Filming took place over 18 months. The royal family watched and approved of the documentary before it was broadcast on television. A VHS video was released in 1992.

The script of the programme was later published as a book with the same title.

==Broadcast and synopsis==
The film aired on 6 February 1992, the 40th anniversary of the Accession Day of the Queen, and it was also broadcast in more than 25 countries around the world. It aired on PBS in the United States on 16 November 1992.

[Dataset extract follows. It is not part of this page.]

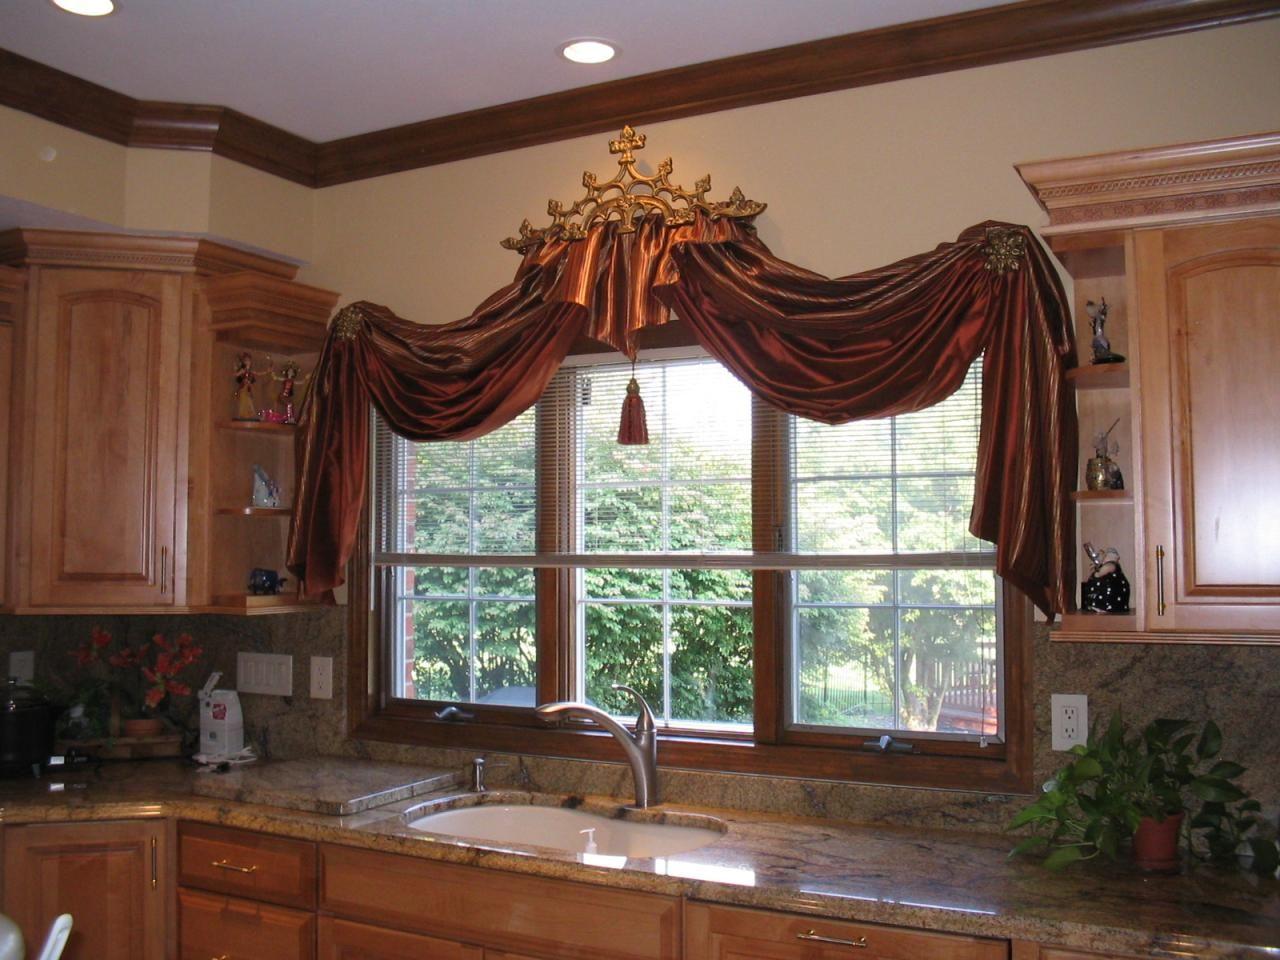 Window treatments over kitchen sink the window over the for Kitchen window treatments above sink
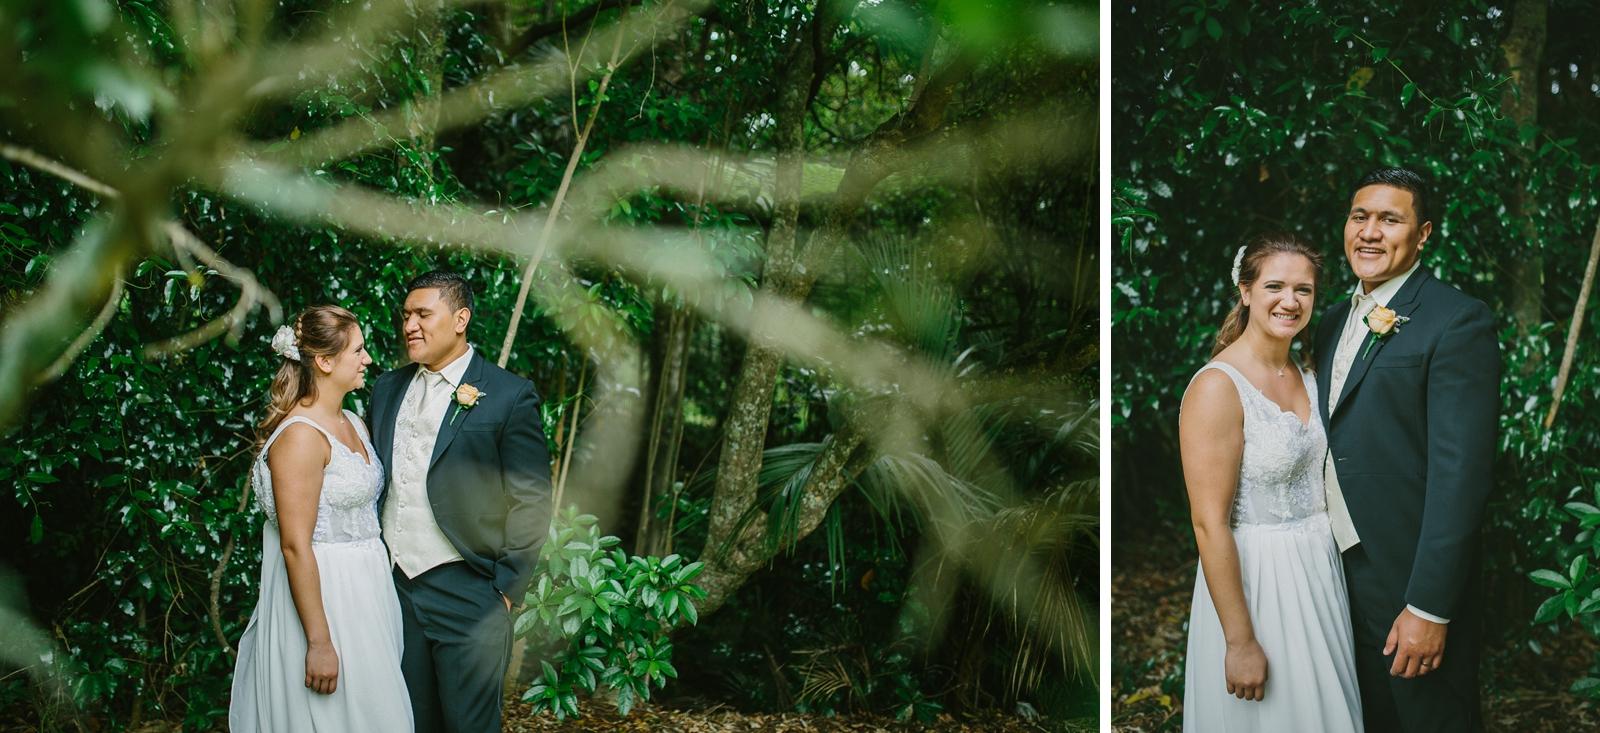 GabbyFiti_Auckland Wedding Photographer_Patty Lagera_0068.jpg

It contains a wide range of royal activities by the Queen from 1990 to 1991 and provides various firsts such as voiceover commentary by the Queen. It shows royal family gatherings, her state visit to the United States, a pony ride with her grandchildren at Balmoral Castle and the preparations for a banquet at Windsor Castle, among other things. It also displays meetings of the Queen with a number of significant political figures, including Francesco Cossiga, Edward Heath, Ronald Reagan and Lech Wałęsa. The Queen is also shown with her mother, Queen Elizabeth the Queen Mother, at the Epsom Derby.

==Reception==
The film received mostly positive reviews, including those from the Queen herself. The Queen organised a party for the crew at Buckingham Palace after watching the film before its public broadcast. It gained the largest audience for a documentary in the history of British television and was watched by more than half of the British population in 1992. The film won an award. Robert Hardman of The Spectator argued that Antony Jay, the script writer, redefined the function of the British monarch through this documentary. However, Jeff Silverman of Variety said that the film did not refer to any familial troubles and added "God save the queen; the BBC couldn't."

Its VHS copy became one of the fastest selling videos in the United Kingdom.